In [1]:
import torch 
import torch.nn as nn
import torch.nn.functional as F
import math

In [2]:
batch_size = 8
n_var = 4
embedding_dim = 24
embedding_output = torch.randn((batch_size, n_var, embedding_dim))

In [3]:
embedding_output.shape

torch.Size([8, 4, 24])

In [4]:
num_attention_heads = 2
attention_head_size = embedding_dim // 2

In [5]:
embedding_output.size()[:-1]

torch.Size([8, 4])

In [6]:
def transpose_for_scores(x):
    new_x_shape = x.size()[:-1] + (num_attention_heads, attention_head_size)
    x = x.view(*new_x_shape)
    return x.permute(0, 2, 1, 3)

In [7]:
new_x_shape = embedding_output.size()[:-1]+ (num_attention_heads, attention_head_size)

In [8]:
new_x_shape

torch.Size([8, 4, 2, 12])

In [9]:
embedding_output = embedding_output.view(*new_x_shape)


In [10]:
embedding_output.shape

torch.Size([8, 4, 2, 12])

In [11]:
embedding_output.permute(0, 2, 1,3).shape

torch.Size([8, 2, 4, 12])

In [12]:
hidden_size = embedding_dim
all_head_size = embedding_dim

In [13]:
query = nn.Linear(hidden_size, all_head_size)
key = nn.Linear(hidden_size, all_head_size)
value = nn.Linear(hidden_size, all_head_size)
hidden_states = embedding_output

In [14]:
embedding_output = torch.randn((batch_size, n_var, embedding_dim))
hidden_states = embedding_output

In [15]:
mixed_query_layer = query(hidden_states)
mixed_key_layer = key(hidden_states)
mixed_value_layer = value(hidden_states)

In [16]:
mixed_query_layer.shape

torch.Size([8, 4, 24])

In [17]:
query_layer = transpose_for_scores(mixed_query_layer)
key_layer = transpose_for_scores(mixed_key_layer)
value_layer = transpose_for_scores(mixed_value_layer)

In [18]:
query_layer.shape

torch.Size([8, 2, 4, 12])

In [19]:
key_layer.transpose(-1, -2).shape

torch.Size([8, 2, 12, 4])

In [20]:
attention_scores = torch.matmul(query_layer, key_layer.transpose(-1, -2))

In [21]:
attention_scores.shape

torch.Size([8, 2, 4, 4])

In [22]:
attention_scores = attention_scores / math.sqrt(attention_head_size)


In [23]:
attention_probs = nn.Softmax(dim=-1)(attention_scores)

In [24]:
context_layer = torch.matmul(attention_probs, value_layer)

In [25]:
context_layer = context_layer.permute(0, 2, 1, 3).contiguous()

In [26]:
context_layer.shape

torch.Size([8, 4, 2, 12])

In [27]:
new_context_layer_shape = context_layer.size()[:-2] + (all_head_size,)
context_layer = context_layer.view(*new_context_layer_shape)

In [28]:
context_layer.shape

torch.Size([8, 4, 24])

In [29]:
class SelfAttention(nn.Module):
    def __init__(self, config):
        super().__init__()
        if config.hidden_size % config.num_attention_heads != 0 and not hasattr(config, "embedding_size"):
            raise ValueError(
                "The hidden size (%d) is not a multiple of the number of attention "
                "heads (%d)" % (config.hidden_size, config.num_attention_heads)
            )
        self.output_attentions = config.output_attentions

        self.num_attention_heads = config.num_attention_heads
        self.attention_head_size = int(config.hidden_size / config.num_attention_heads)
        self.all_head_size = self.num_attention_heads * self.attention_head_size

        self.query = nn.Linear(config.hidden_size, self.all_head_size)
        self.key = nn.Linear(config.hidden_size, self.all_head_size)
        self.value = nn.Linear(config.hidden_size, self.all_head_size)

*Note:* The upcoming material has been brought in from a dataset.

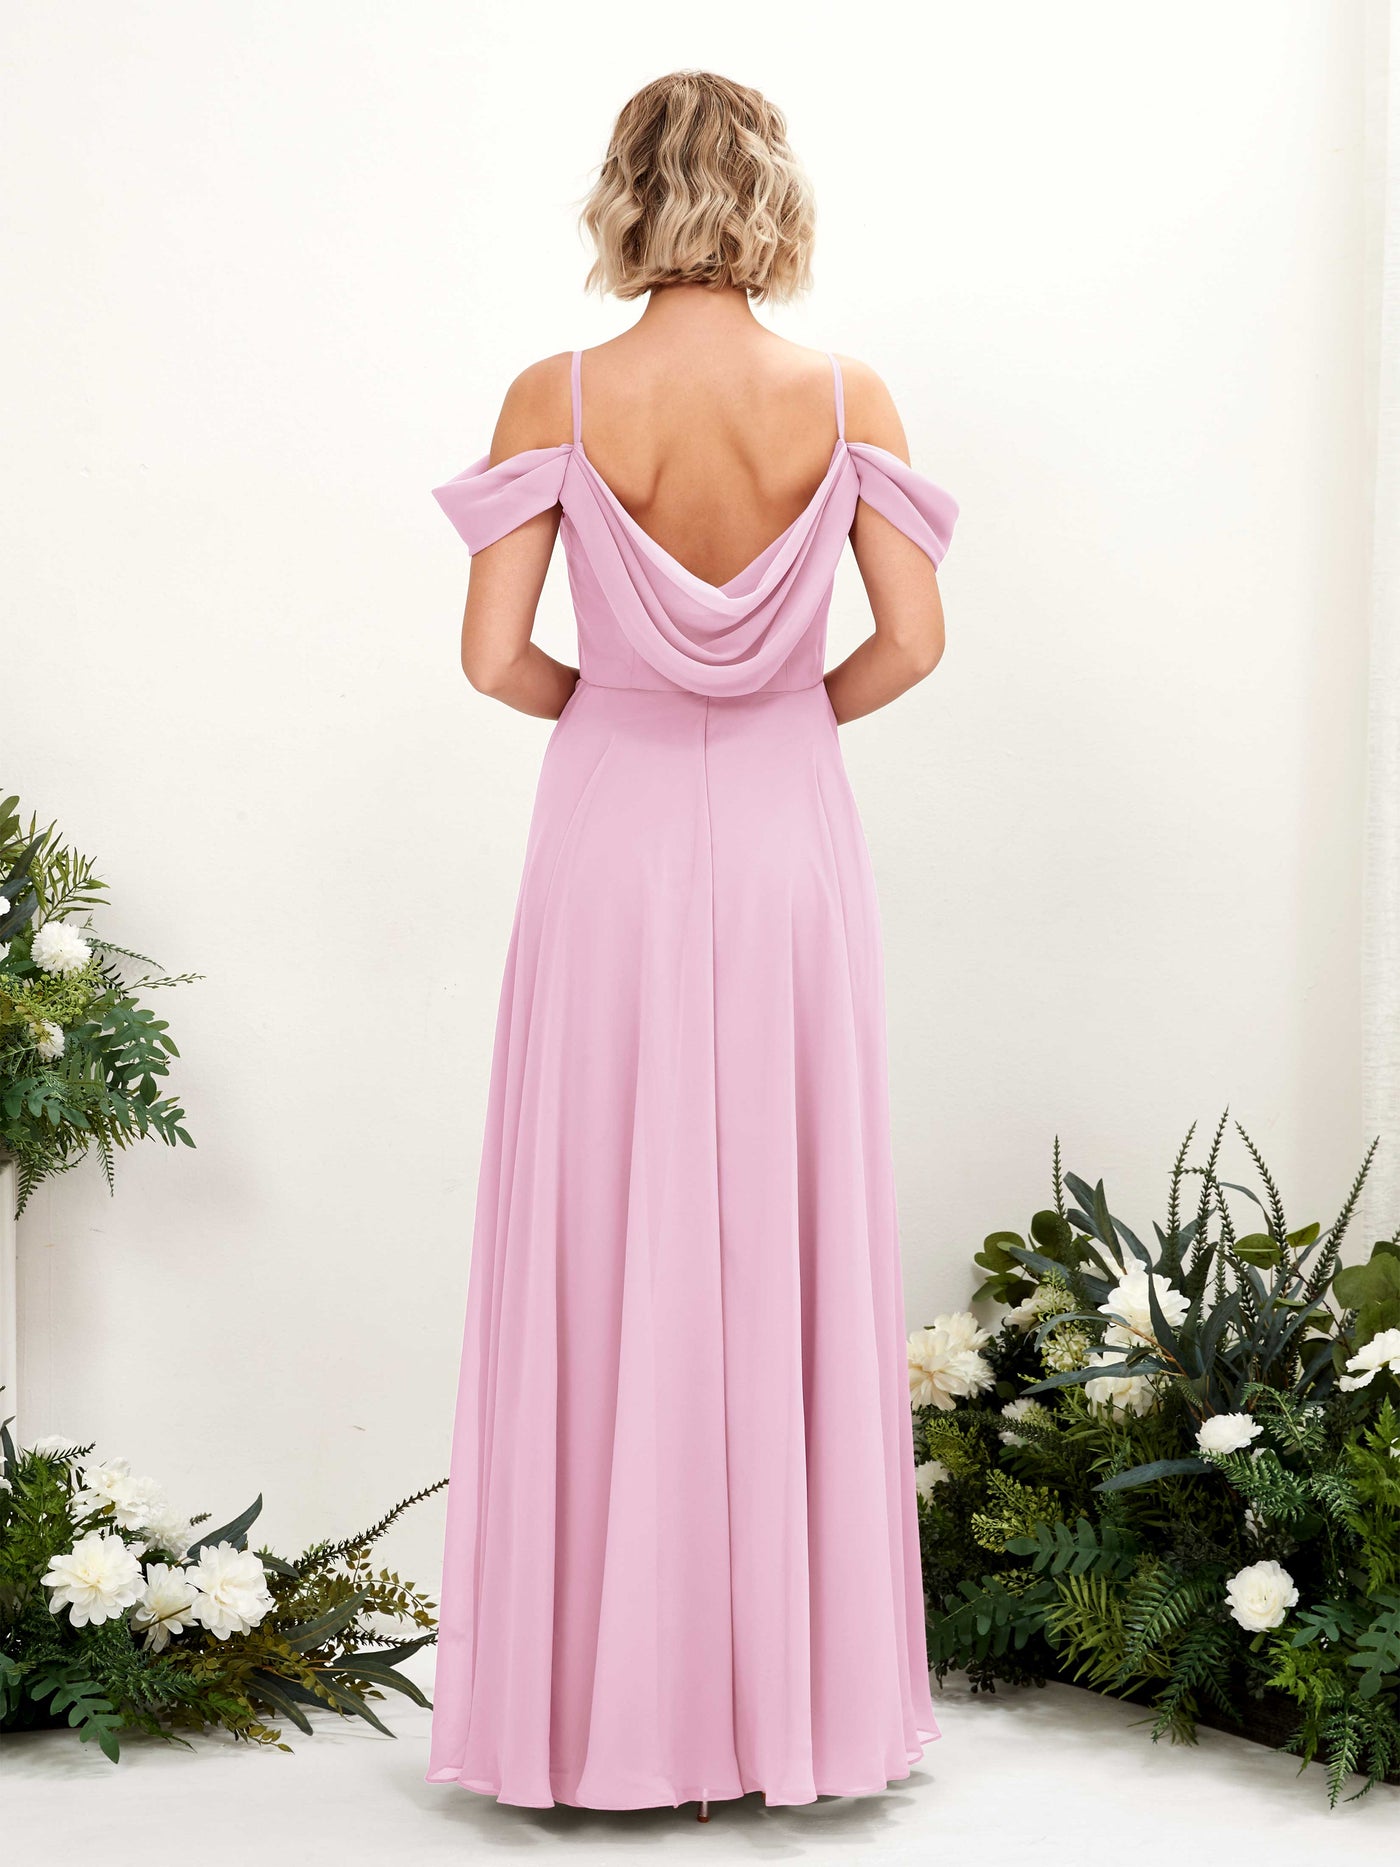 Candy Pink Bridesmaid Dresses Bridesmaid Dress A-line Chiffon Off Shoulder Full Length Sleeveless Wedding Party Dress (81224939)#color_candy-pink

        self.dropout = nn.Dropout(config.attention_probs_dropout_prob)

    def transpose_for_scores(self, x):
        new_x_shape = x.size()[:-1] + (self.num_attention_heads, self.attention_head_size)
        x = x.view(*new_x_shape)
        return x.permute(0, 2, 1, 3)

    def forward(self, hidden_states):
        mixed_query_layer = self.query(hidden_states)
        mixed_key_layer = self.key(hidden_states)
        mixed_value_layer = self.value(hidden_states)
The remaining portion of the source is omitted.